Withheld: web_fetch / any network retrieval — the agent only sees the repository at base_commit and the issue text (no internet, no lookup of SWE-bench solutions). No use of FAIL_TO_PASS / PASS_TO_PASS / hints.
Cost: ≈ $15 for the full 300-instance run (>95% prompt-cache hit) — roughly $0.05 / instance.

Results by repository

Repository	Resolved	Rate
django/django	80 / 114	70%
scikit-learn/scikit-learn	16 / 23	70%
matplotlib/matplotlib	13 / 23	57%
sympy/sympy	43 / 77	56%
pytest-dev/pytest	9 / 17	53%
sphinx-doc/sphinx	9 / 16	56%
astropy/astropy	3 / 6	50%
psf/requests	3 / 6	50%
pylint-dev/pylint	2 / 6	33%
pydata/xarray	2 / 5	40%
mwaskom/seaborn	4 / 4	100%
pallets/flask	0 / 3	0%

Evaluation & reproduction

Predictions were generated one isolated worktree per instance, then graded with the unmodified official harness: python -m swebench.harness.run_evaluation --dataset_name SWE-bench/SWE-bench_Lite --split test --predictions_path all_preds.jsonl --run_id flamra-lite-300. Per-instance verdicts were cross-checked against a second (cloud-Docker) run and matched.

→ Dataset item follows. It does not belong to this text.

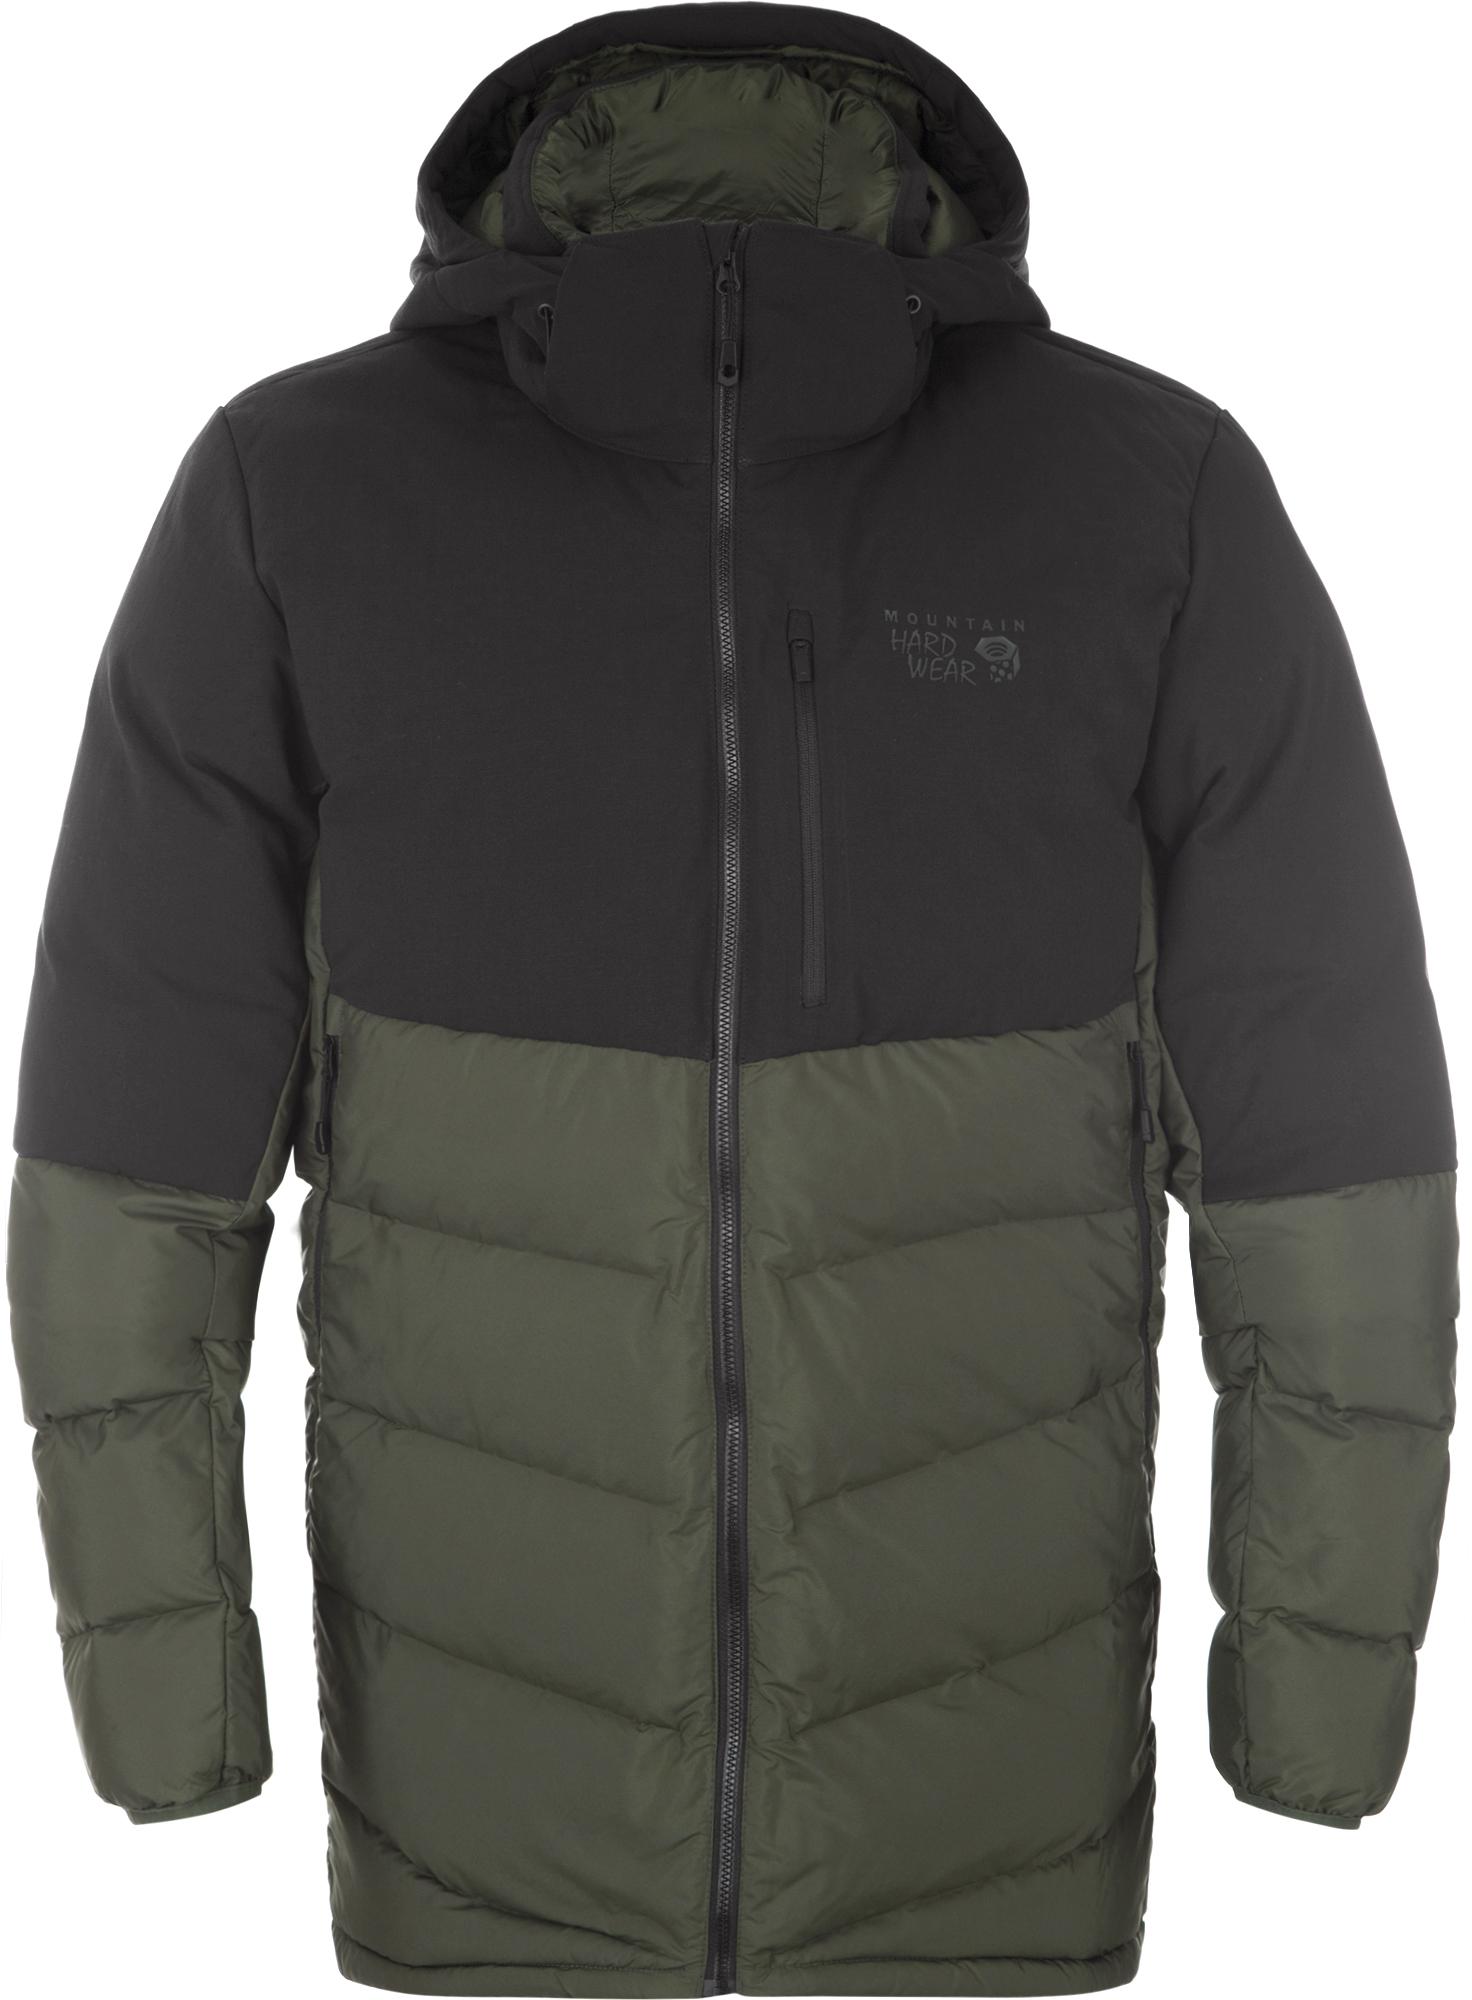 Mountain Hardwear Куртка утепленная мужская Mountain Hardwear Thermist Coat, размер 52 mountain hardwear куртка утепленная мужская mountain hardwear radian размер 56

Compliance: pass@1, no SWE-bench test knowledge, no web browsing.

Limitations

10 of 300 instances produced an empty patch (the agent generated no fix); these count as unresolved and are the clearest near-term headroom. SWE-bench Lite is a mature, widely published benchmark — like all high-scoring systems, results should be read with standard train-data-contamination caveats. We make no claim of novelty beyond the harness + model pairing.

Reproduction artifacts (predictions, per-instance reasoning traces, and official harness logs) are part of the SWE-bench leaderboard submission.